The three components of AAA
Authentication answers 'who are you?' — verifying identity through credentials (username/password, certificate, token). Before a user can access a network device or the network itself, they must prove their identity. Authentication can be local (usernames stored on the device itself) or centralized (credentials verified by a RADIUS or TACACS+ server).
Authorization answers 'what can you do?' — after authentication, authorization determines what resources and actions the authenticated user has access to. For network device access, this might mean a network admin can run `debug` commands while a read-only user can only run `show` commands. Authorization is applied per-session and sometimes per-command.
Accounting answers 'what did you do?' — recording user activity for audit, billing, and compliance. Accounting logs which user logged in, at what time, from where, what commands they ran, and when they logged out. These logs are invaluable during security incidents and for compliance audits.
Local vs centralized AAA
Local AAA stores usernames and passwords directly on the network device (`username admin privilege 15 secret cisco`).

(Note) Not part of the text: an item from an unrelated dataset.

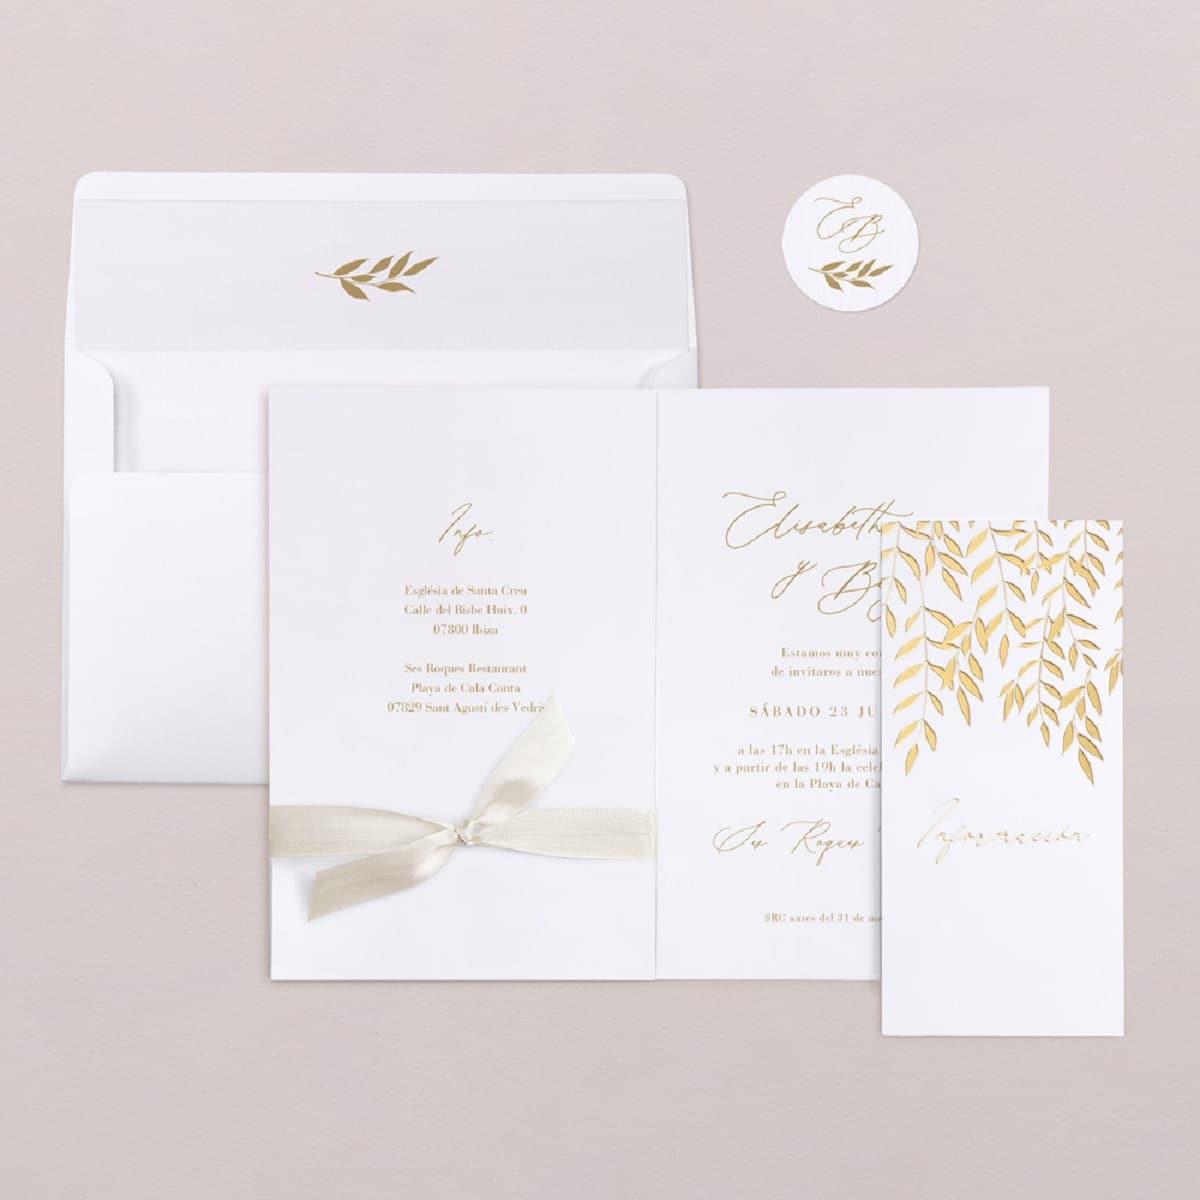 invitaciones elegantes

It's simple and works even if the network is down, but it doesn't scale — every device has its own user database, and changing a password requires updating every device individually.
Centralized AAA uses a dedicated AAA server (RADIUS or TACACS+) to validate credentials. All devices point to the same server; changing a password or disabling an account takes effect immediately across all devices. The trade-off: if the AAA server is unreachable and local fallback isn't configured, administrators may be locked out.

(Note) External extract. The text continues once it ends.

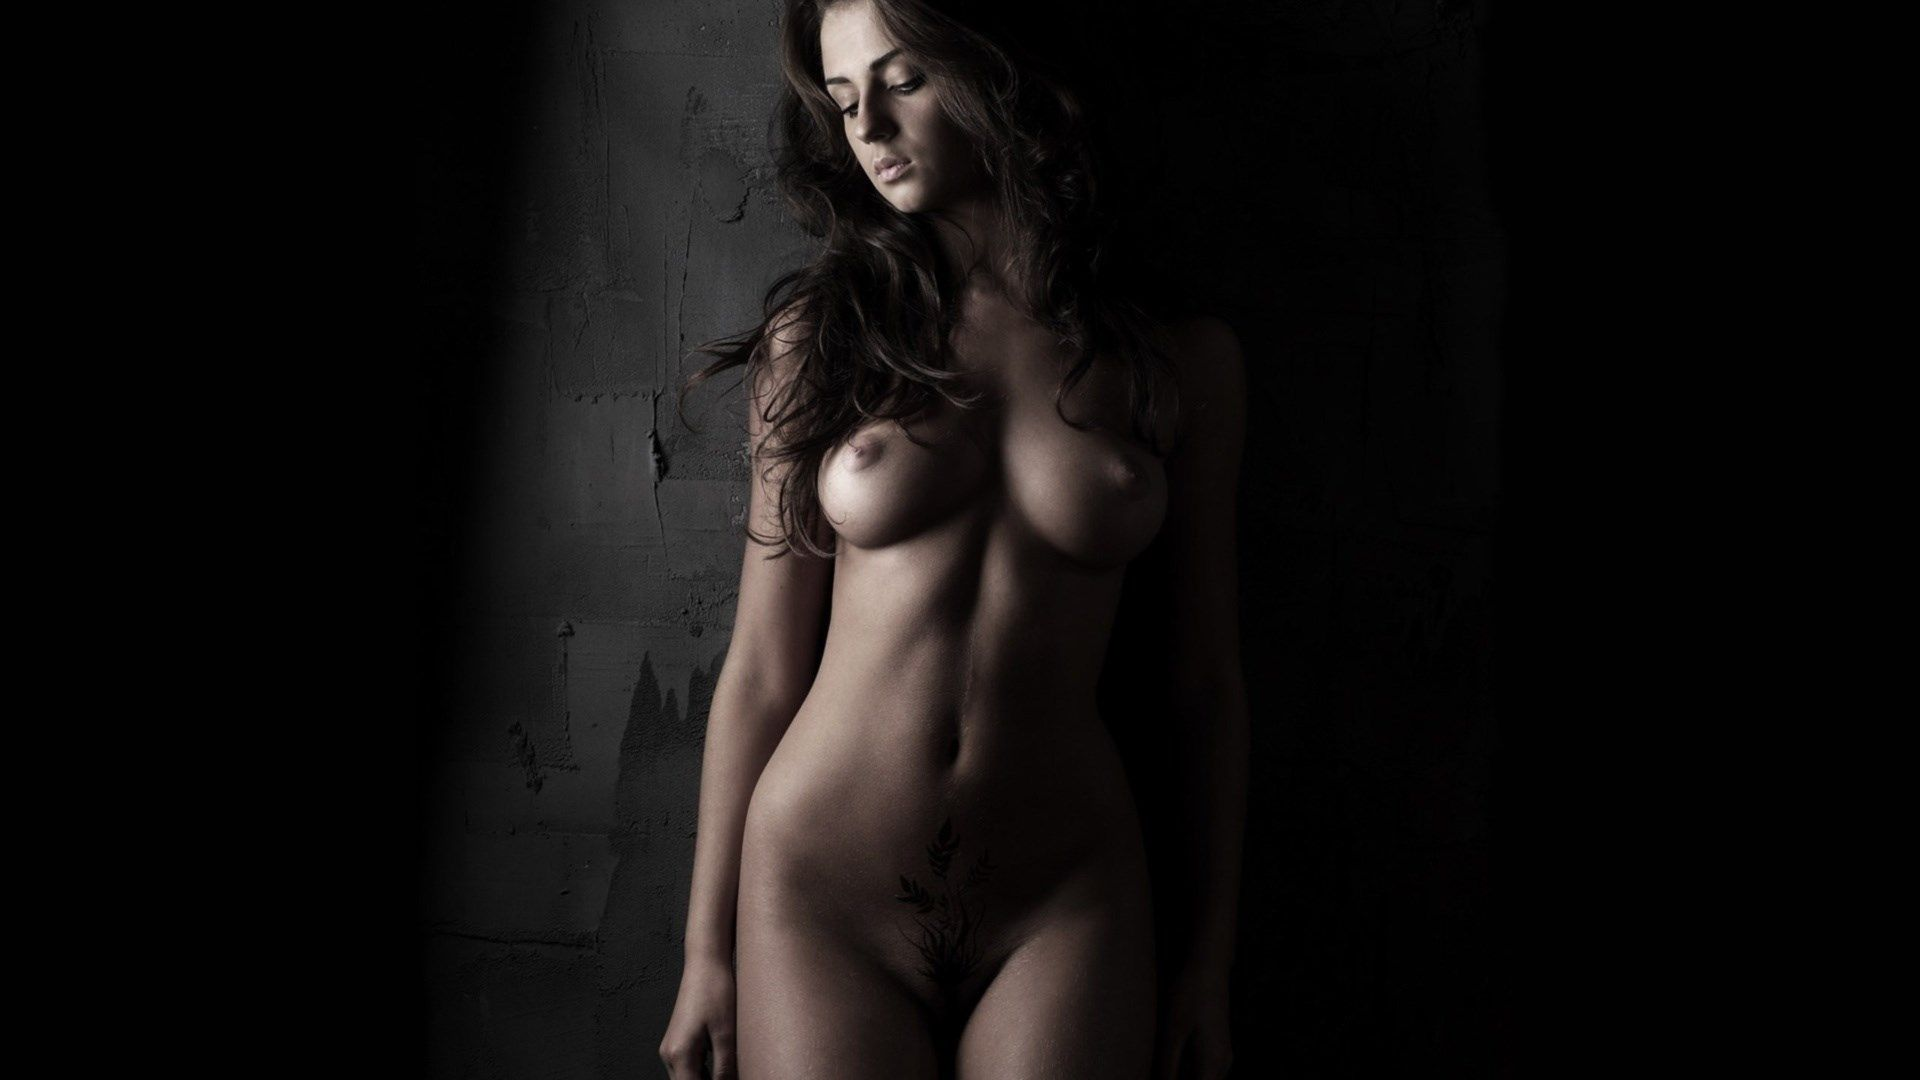 Hd pics nude art — img 15

Best practice: configure centralized AAA with local fallback (`aaa authentication login default group tacacs+ local`). This ensures that if the TACACS+ server is unreachable, local credentials still work for emergency access.
802.1X port-based network access control
802.1X is the IEEE standard for port-based Network Access Control (NAC). It uses AAA to control which devices can connect to the network. Three roles: Supplicant (the end device wanting network access — runs the 802.1X client), Authenticator (the switch or AP — enforces access based on authentication result), Authentication Server (RADIUS server — verifies credentials).

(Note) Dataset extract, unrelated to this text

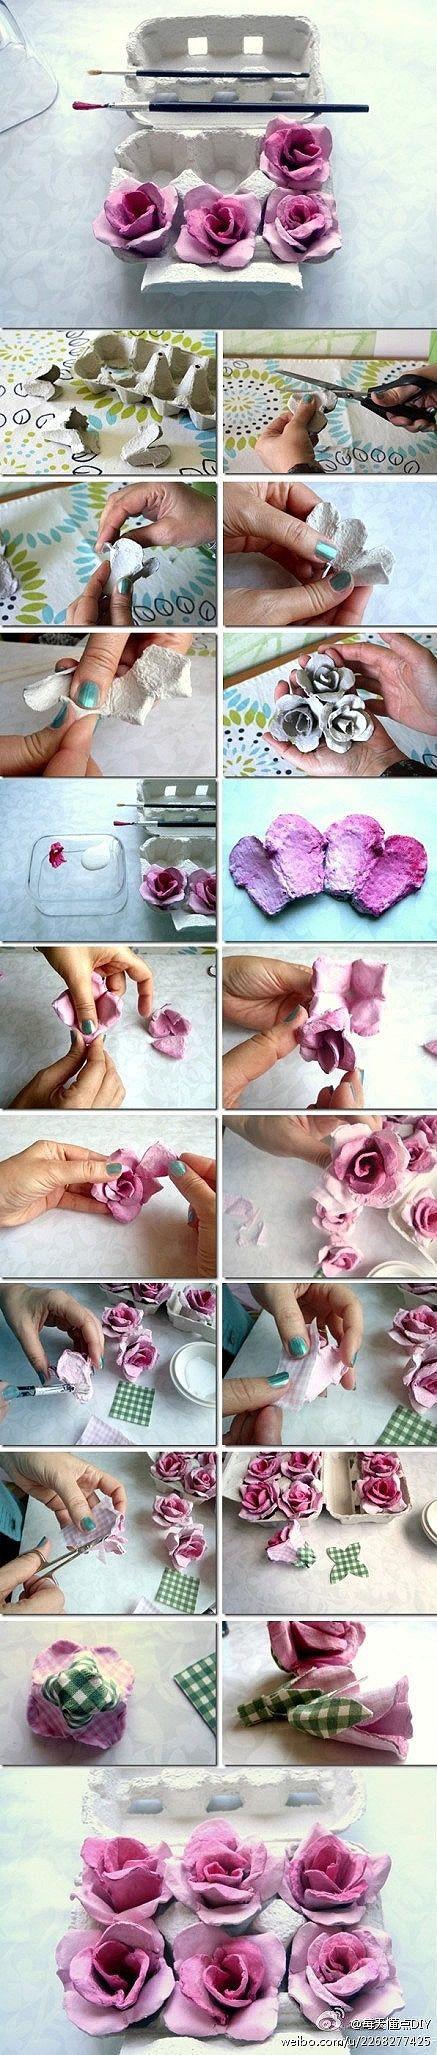 Tutorial ricicloso: DIY Pink Roses

The flow: a device plugs into a switch port. The switch puts the port in an unauthorized state, passing only EAPOL (Extensible Authentication Protocol over LAN) traffic. The device sends EAP credentials. The switch forwards them to the RADIUS server. The RADIUS server verifies credentials and sends Access-Accept or Access-Reject. On Accept, the switch moves the port to authorized state.
802.1X is commonly deployed with EAP-TLS (certificate-based, no passwords), PEAP (password tunneled in TLS), or EAP-FAST. For wireless networks, 802.1X is used in WPA2-Enterprise mode where each user authenticates with individual credentials rather than a shared passphrase.
TACACS+ and RADIUS for AAA
TACACS+ (TCP 49, full encryption, separates A/A/A) is the choice for network device administration. It allows per-command authorization: an administrator might be allowed to run `show` commands but not `debug` or `configure`. TACACS+ accounting logs every command typed, providing a complete audit trail.
RADIUS (UDP 1812/1813, password-only encryption, combines authentication and authorization) is the choice for network access control — 802.1X wired and wireless authentication, VPN authentication. RADIUS attributes (VSAs) can return VLAN assignments and ACLs to the switch, dynamically placing authenticated users in the correct VLAN.
A single network commonly uses both: TACACS+ for device management (who can SSH to the router) and RADIUS for network access (who can connect to Wi-Fi or the wired port).